MDIA: A Benchmark for Multilingual Dialogue Generation in 46 Languages
This provides a new benchmark for multilingual dialogue generation, addressing a gap for low-resource languages, though it is incremental as it builds on existing models and datasets.
The authors tackled the lack of multilingual dialogue datasets by introducing mDIA, a benchmark covering 46 languages, and found that mT5-based models outperform DialoGPT on some metrics but show a large quality gap between English and other languages.
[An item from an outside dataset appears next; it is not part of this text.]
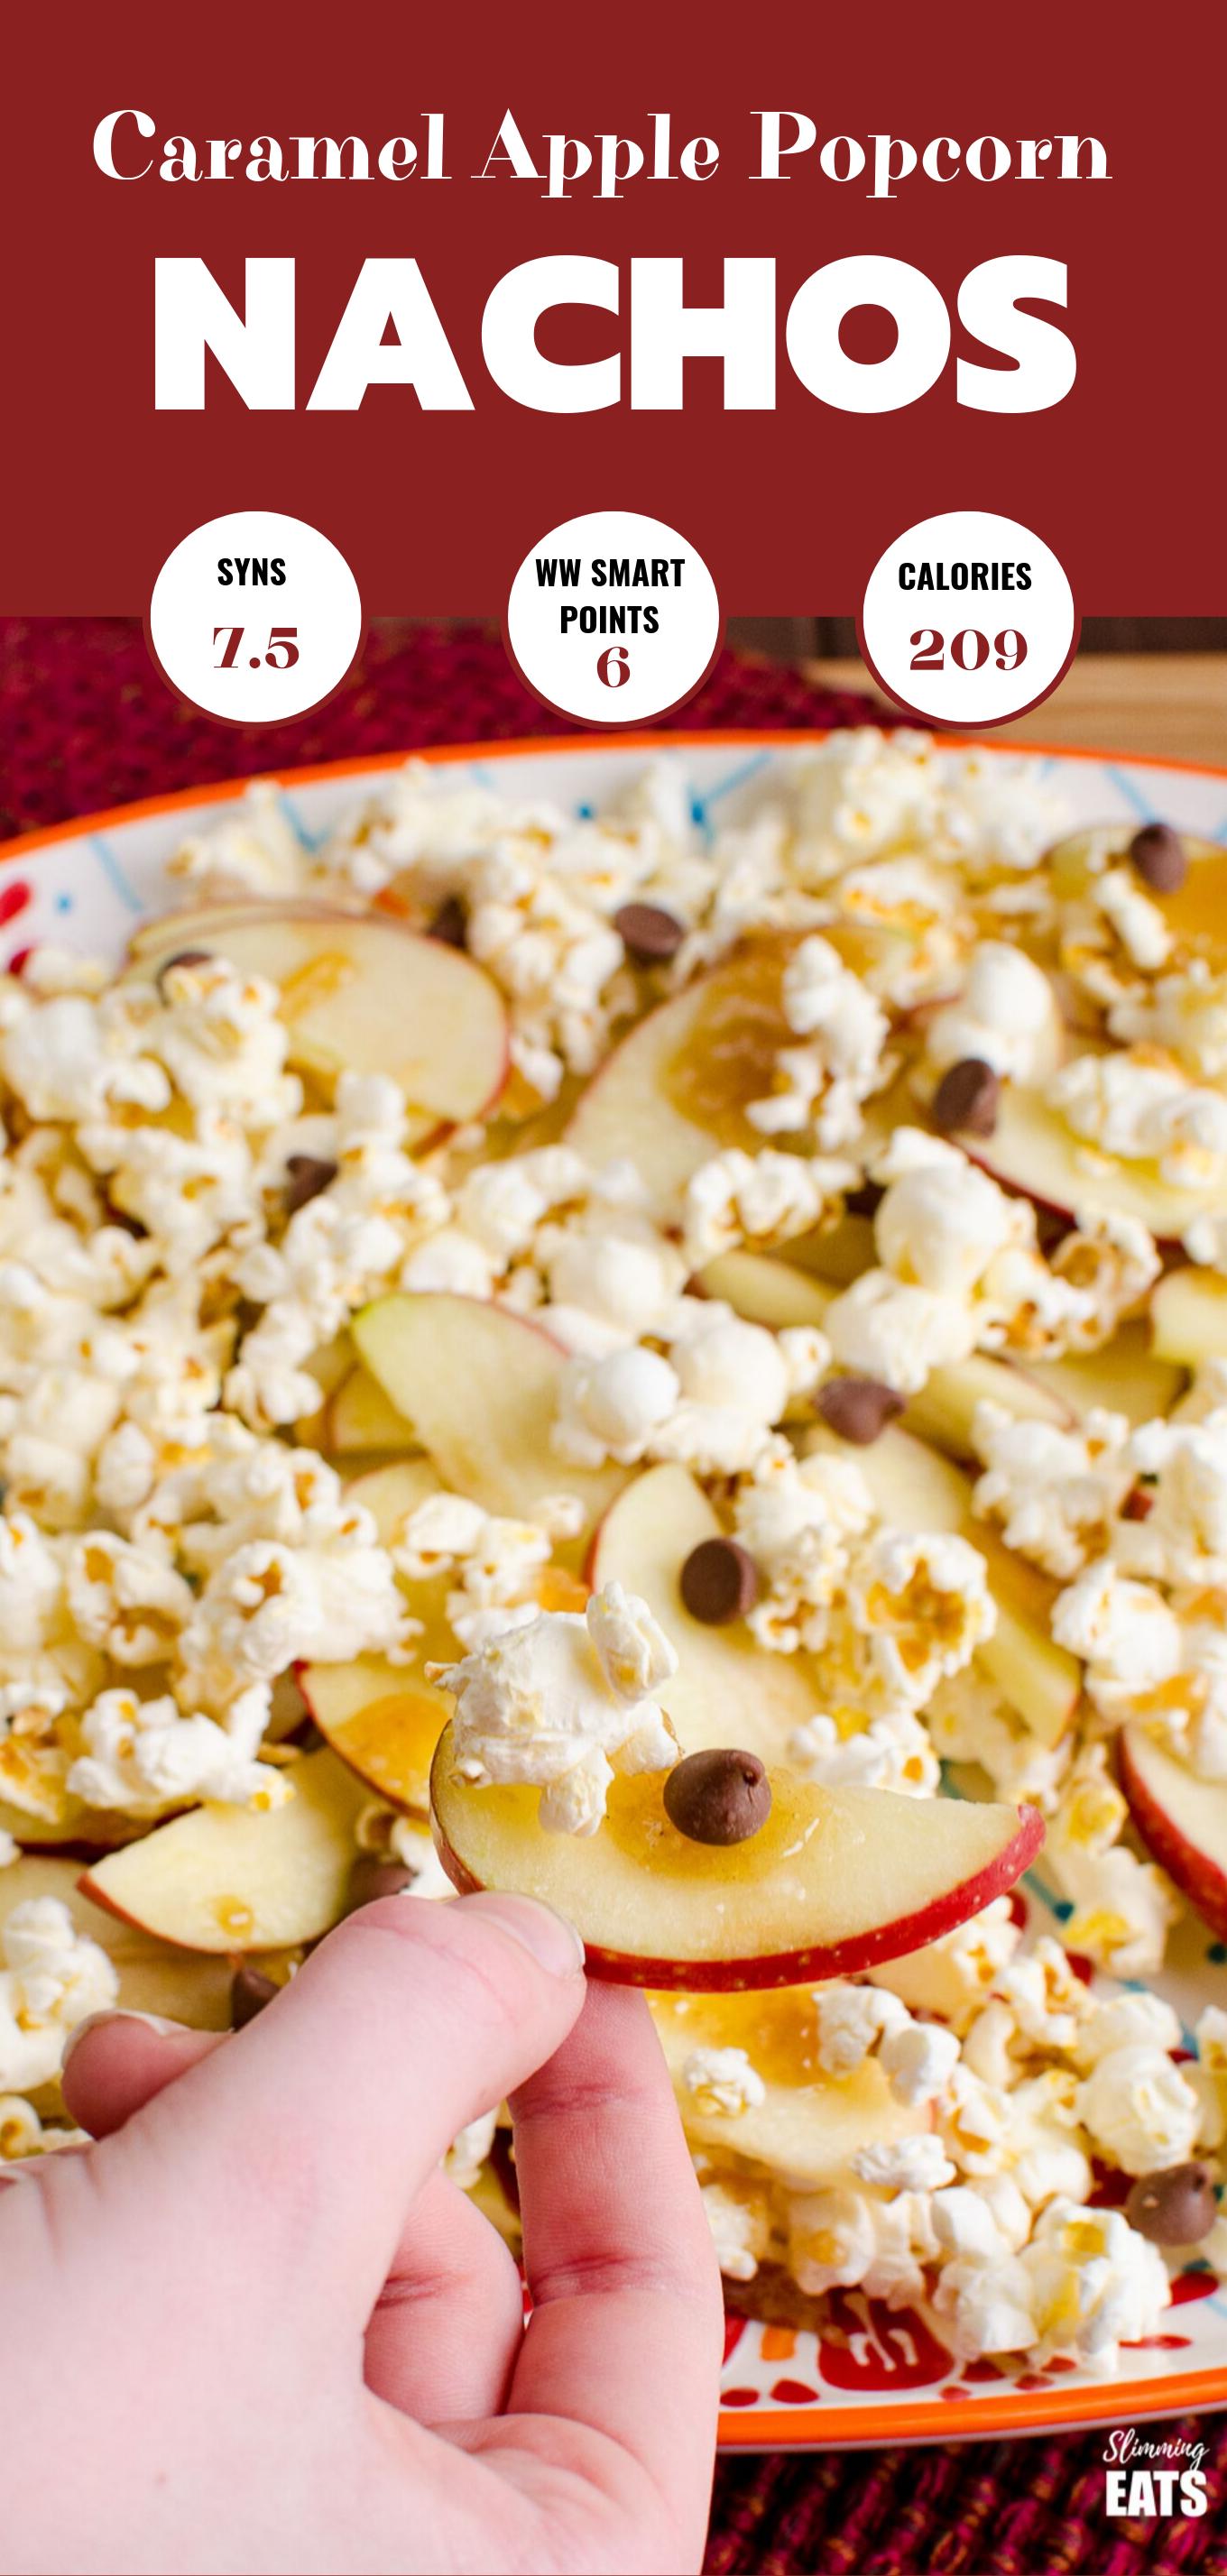 caramel apple popcorn nachos.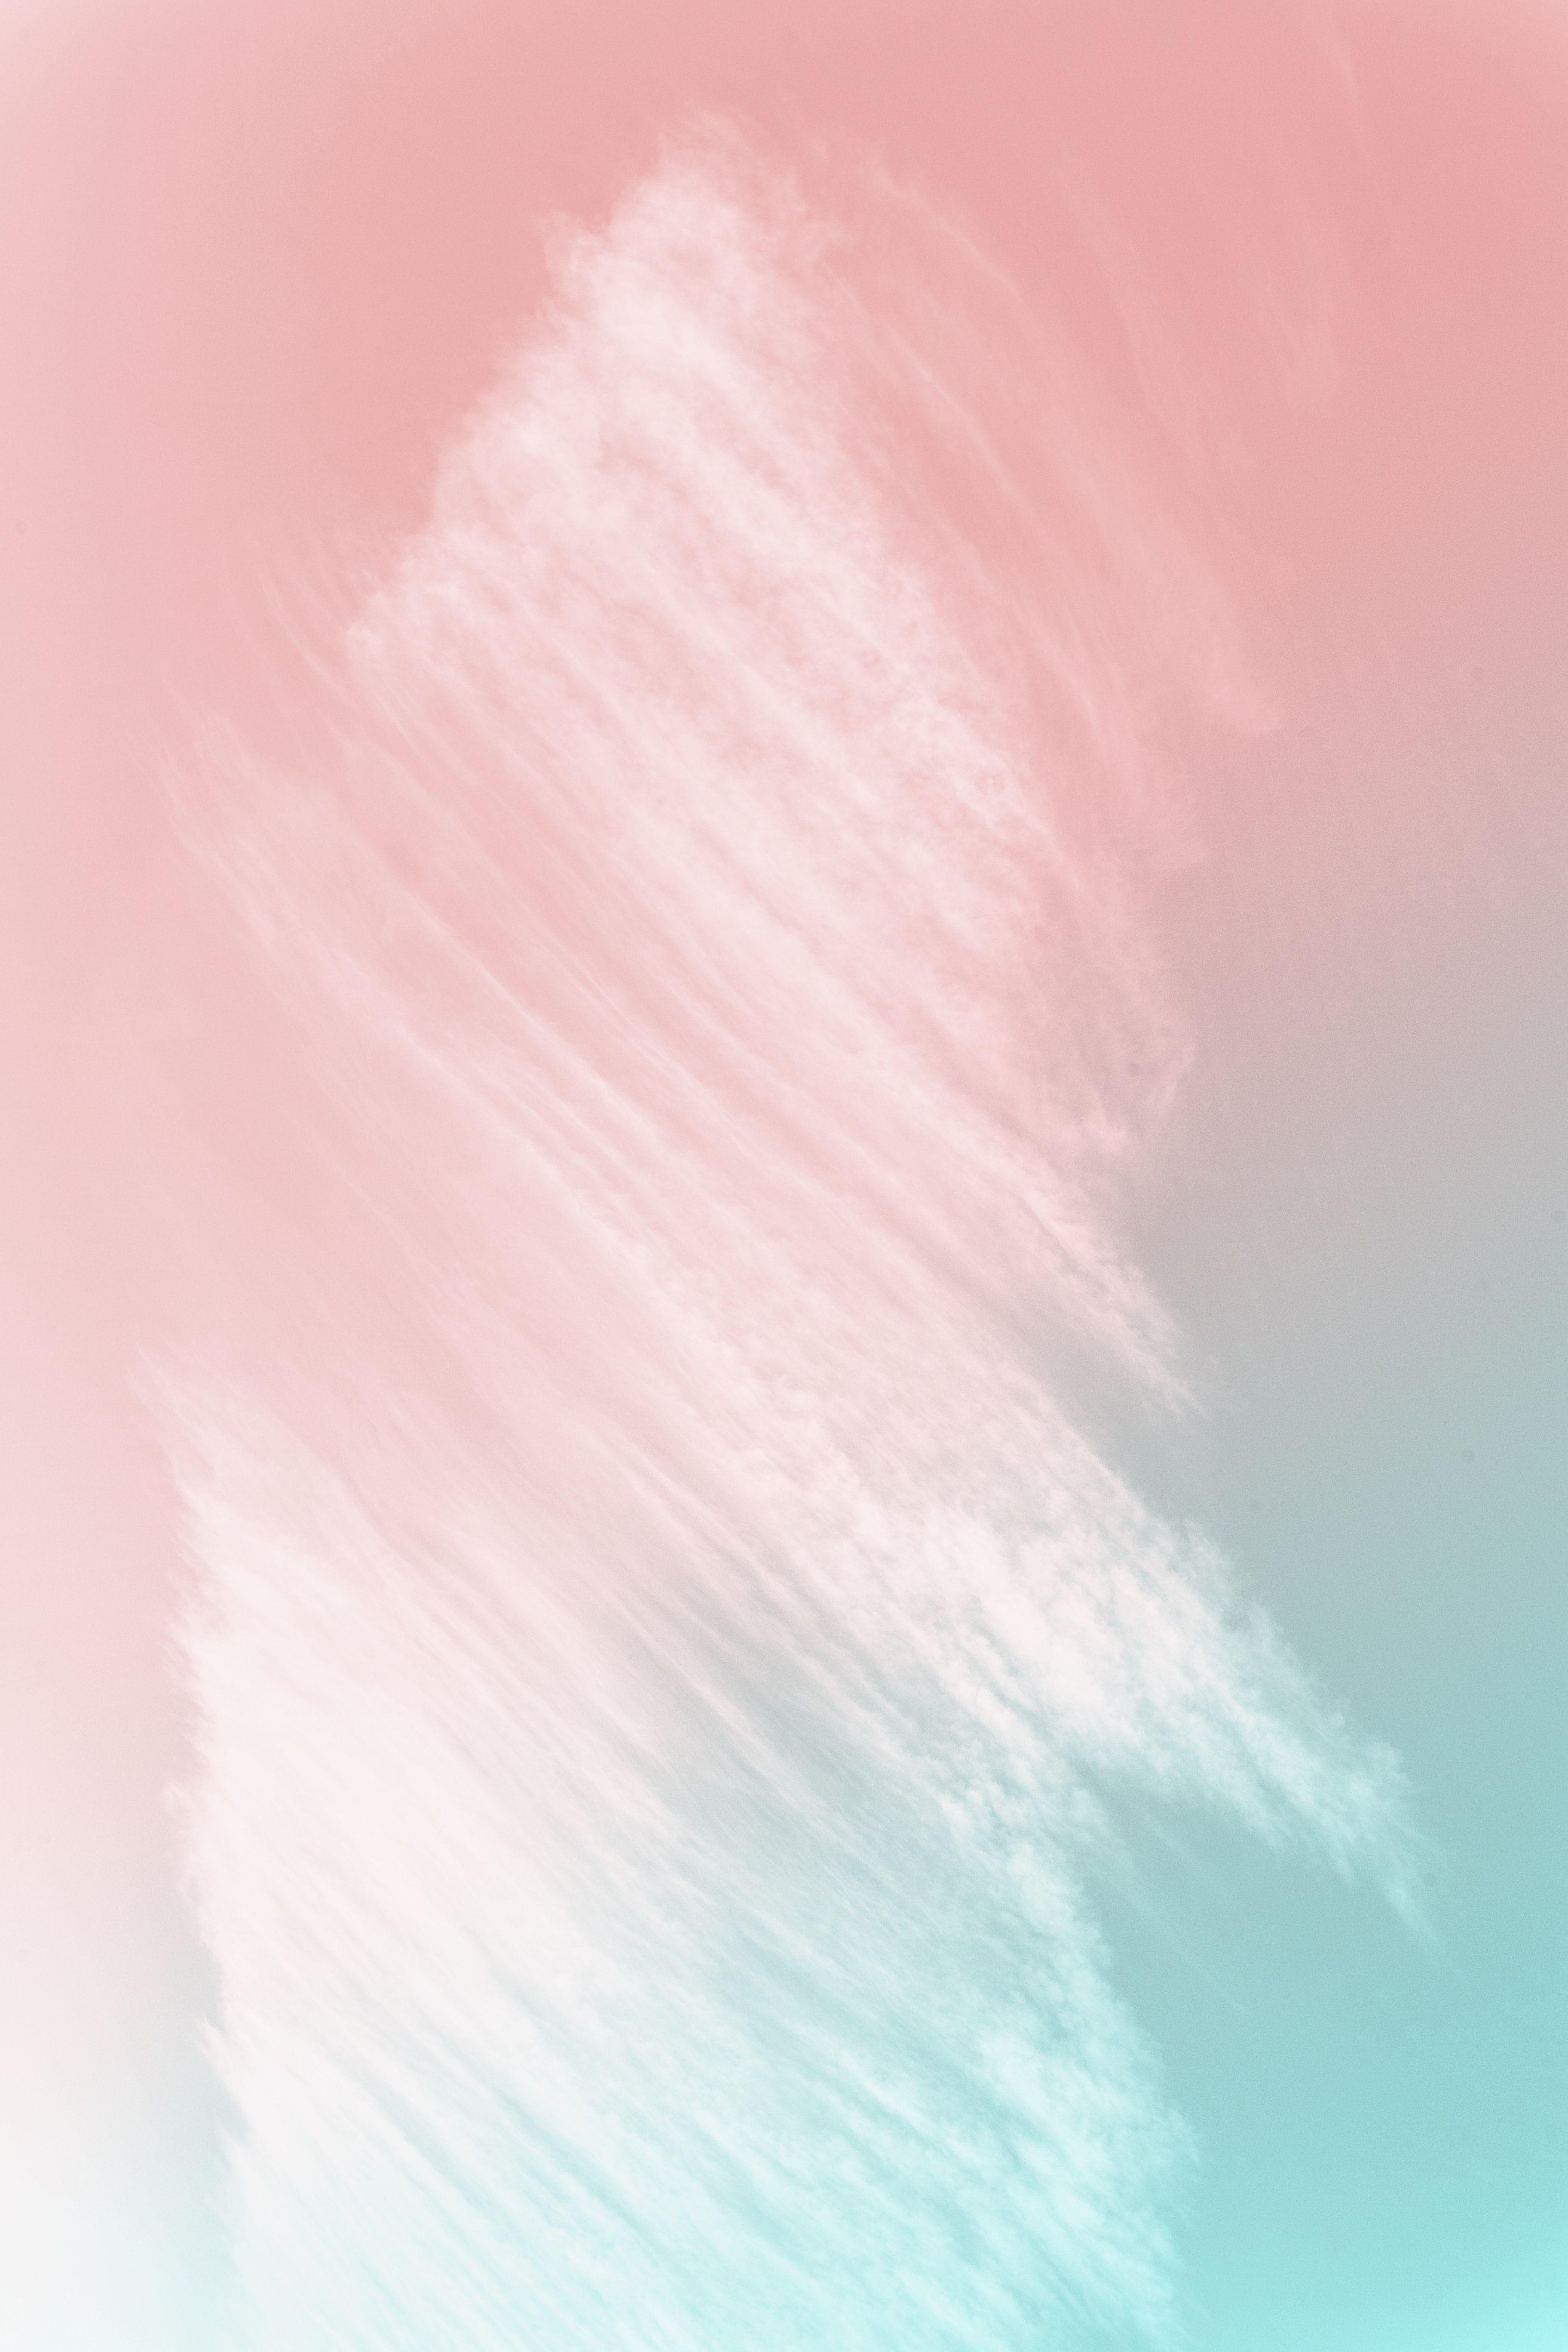 Best 100 Pastel Pictures Download Free Images On Unsplash Pastel Wallpaper Pastel Background Cute Desktop Wallpaper

Owing to the lack of corpora for low-resource languages, current works on dialogue generation have mainly focused on English. In this paper, we present mDIA, the first large-scale multilingual benchmark for dialogue generation across low- to high-resource languages. It covers real-life conversations in 46 languages across 19 language families. We present baseline results obtained by fine-tuning the multilingual, non-dialogue-focused pre-trained model mT5 as well as English-centric, dialogue-focused pre-trained chatbot DialoGPT. The results show that mT5-based models perform better on sacreBLEU and BertScore but worse on diversity. Even though promising results are found in few-shot and zero-shot scenarios, there is a large gap between the generation quality in English and other languages. We hope that the release of mDIA could encourage more works on multilingual dialogue generation to promote language diversity.